Required action =>
Set down the data below in full and exactly, minus the pictures.

Collected material =>
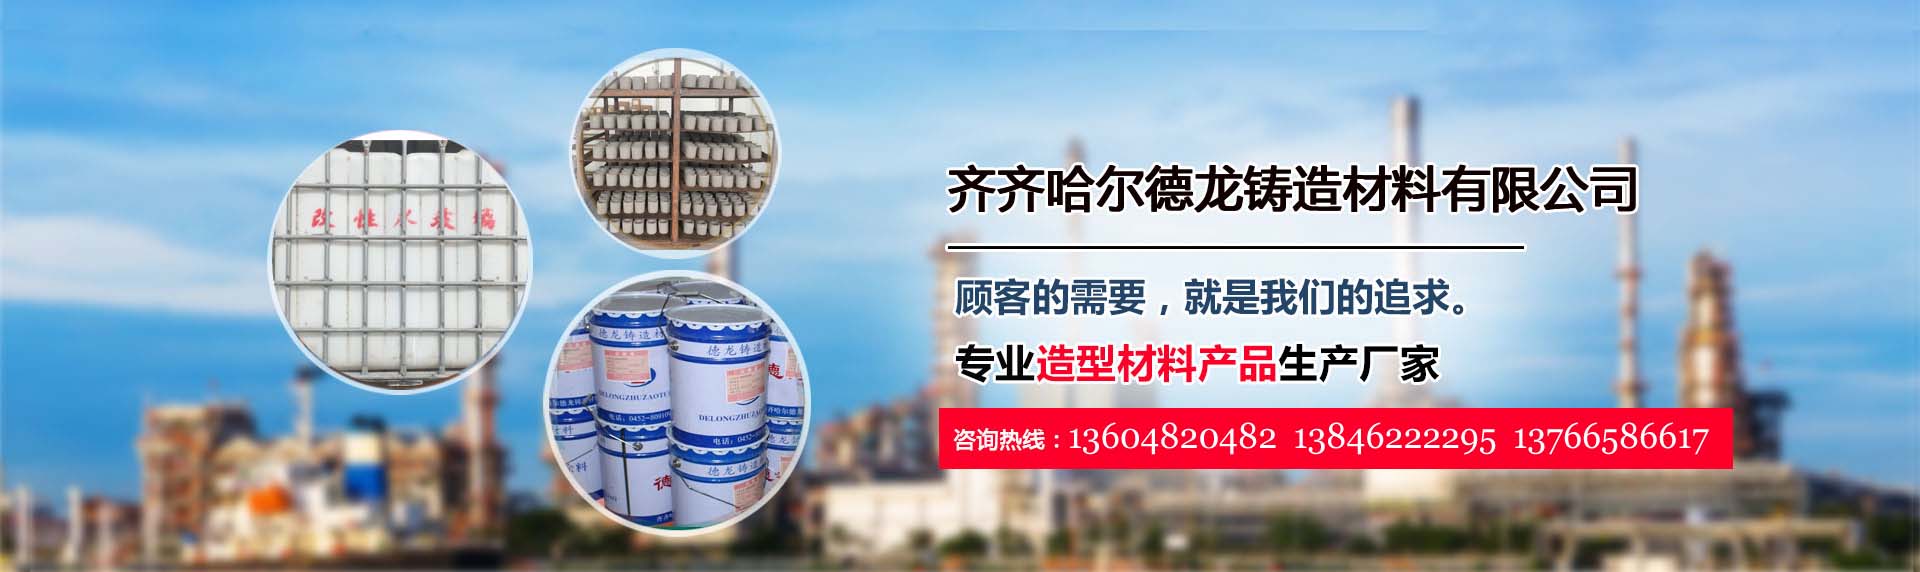 关于当前产品3199ceo彩集团·(中国)官方网站的成功案例等相关图片
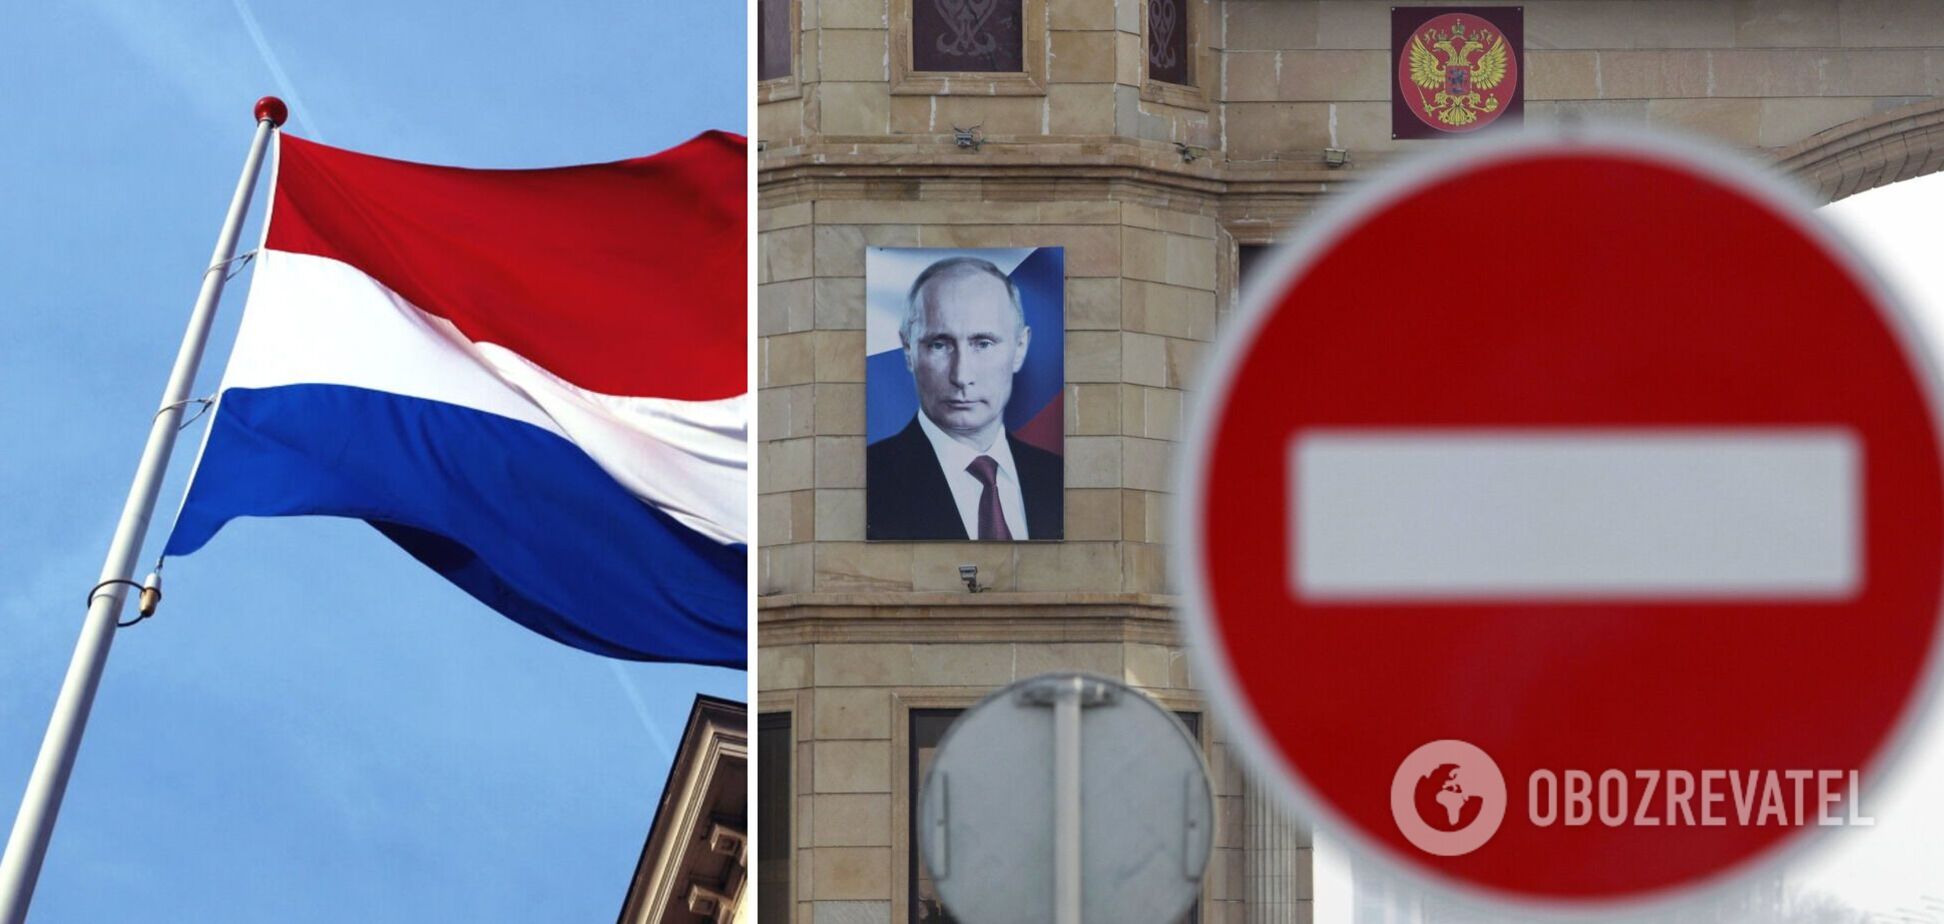 Нидерланды планируют отказаться от российского газа уже в 2022 году
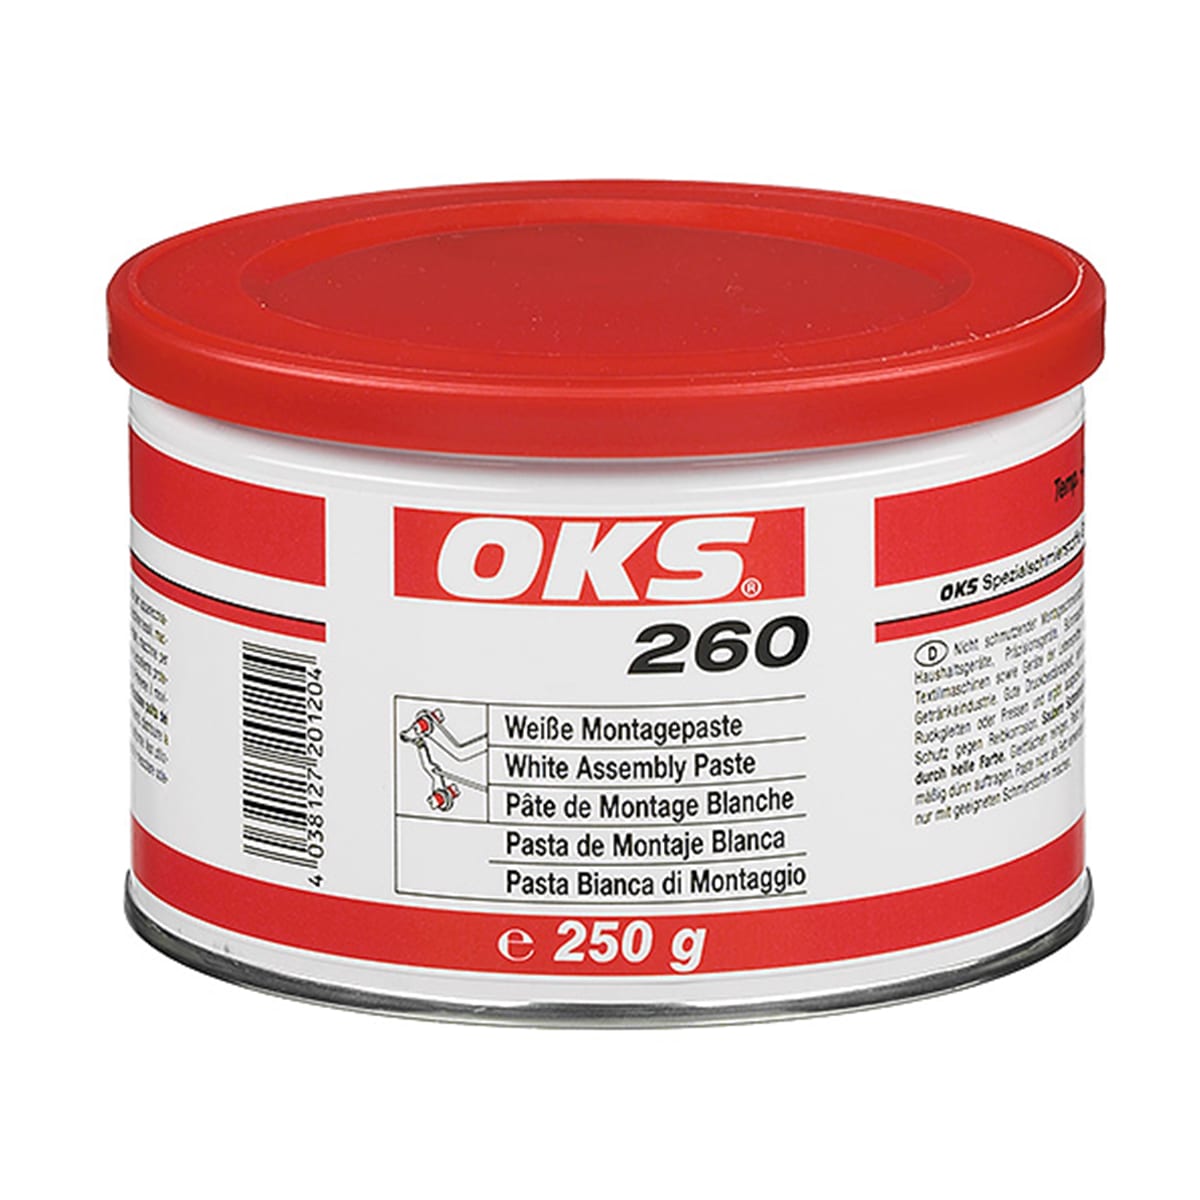 OKS Weiße Montagepaste - No. 260 Dose: 250 g

Exercise result =>
 关于当前产品3199ceo彩集团·(中国)官方网站的成功案例等相关图片
 Нидерланды планируют отказаться от российского газа уже в 2022 году
 OKS Weiße Montagepaste - No. 260 Dose: 250 g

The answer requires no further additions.